The Last Ride

More than 32 years after my very first ride in the Pontiac, our last drive together is now in the books. With the LeMans currently listed for sale, I’ll be shifting my focus toward future road trips and launch the search for the vehicle that will be making those journeys. (Of course, there are still plenty of old Pontiac photos and video clips in storage that will pop up occasionally as I unearth them…maybe even a story or two that has yet to be told.)

Music would play a big role in this final cruise, as it always does when I’m in the LeMans, so I thought of the tracks I had to hear one last time from this particular seat. I have previously written about the artists and genres that enhance—and are enhanced by—driving on prairie roads under a big sky. That applies closer to home as well. In fact, on most of my sunrise and sunset excursions along the farm roads in my home county, this vehicle is essentially a rolling jukebox, and the day’s drive is really just an excuse to enjoy some of my favorite songs in the best possible setting. I’ve listened to far more music while riding in the Pontiac than I have in my everyday vehicle or inside my home.

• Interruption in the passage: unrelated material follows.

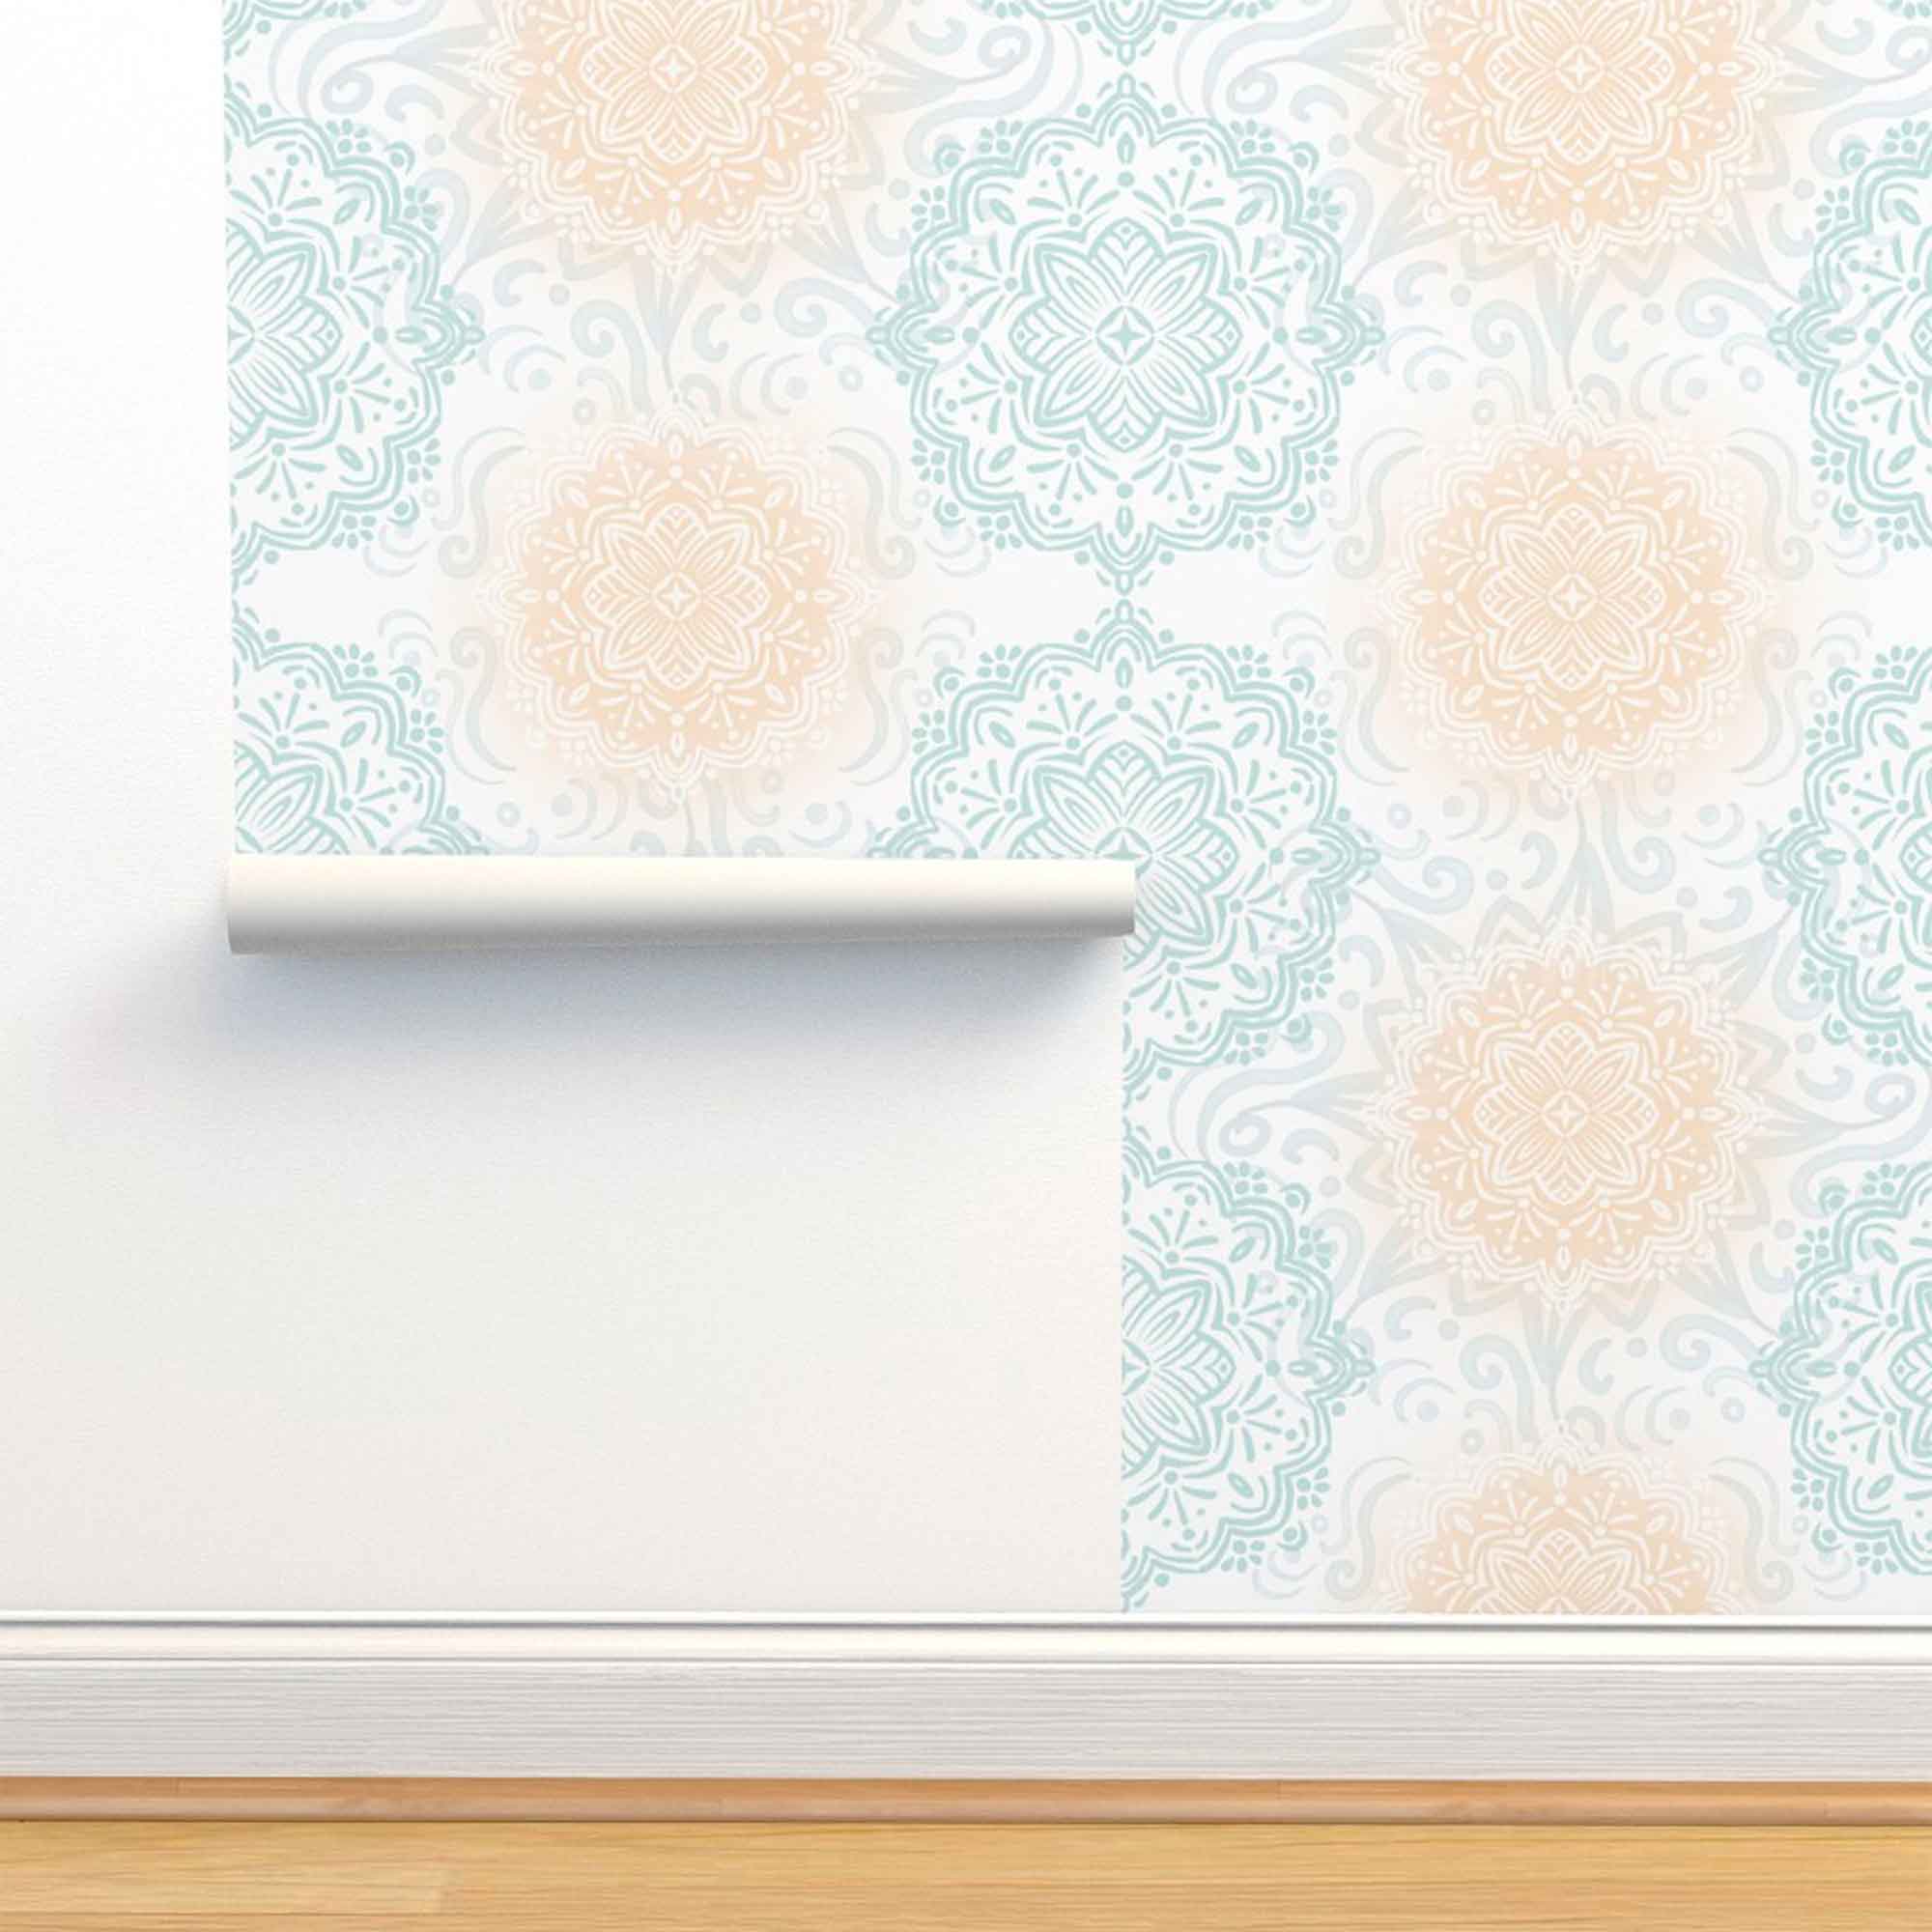 Boho Hand-drawn Mandalas in Pastel Aqua and Peach Removable Peel & Stick and Pre-Pasted Wallpaper Roll Width

Rolling across scenic North Dakota

(If the video above does not display, follow this link to YouTube.)

Once I had gathered about 30 or so of my favorite driving songs, I hit the road late in the afternoon. Good driving weather on this day, with high thin clouds in the west, a crescent moon to the south, and clear skies in the east. In the end, I rode for more than three hours and logged over 100 miles on this grand finale.

The Cowboy Junkies have released plenty of music over the years that pairs so well with a drive on lonely country roads. I played their version of the Allen Reynolds song, “Dreaming My Dreams With You,” which features a chorus that seemed especially appropriate for the occasion…

Someday I’ll get over you
I’ll live to see it all through
But I’ll always miss
Dreaming my dreams with you

Once the sun went down, it was time for a track that is steeped in reverb, and has always been, for me, the ultimate prairie night-driving song: “Once Upon a Time in the West,” the opening track from the second album by Dire Straits. This one sounds great when played loud enough to fill sky around you. And once is never enough; when I do ride at night, I usually play it three or more times.

What to choose as the very last song I would ever hear in the Pontiac? I had to think about that for a moment, but the answer came to me faster than expected and with no room for uncertainty: “Lenny,” the beautiful instrumental track that Stevie Ray Vaughan wrote for his wife, Lenora, and which closes out his 1983 debut album, Texas Flood. Few tunes scream “coda” as perfectly as this track does, but there’s another reason—one that dates back 32 years—why this choice worked so well for my last moments in the LeMans.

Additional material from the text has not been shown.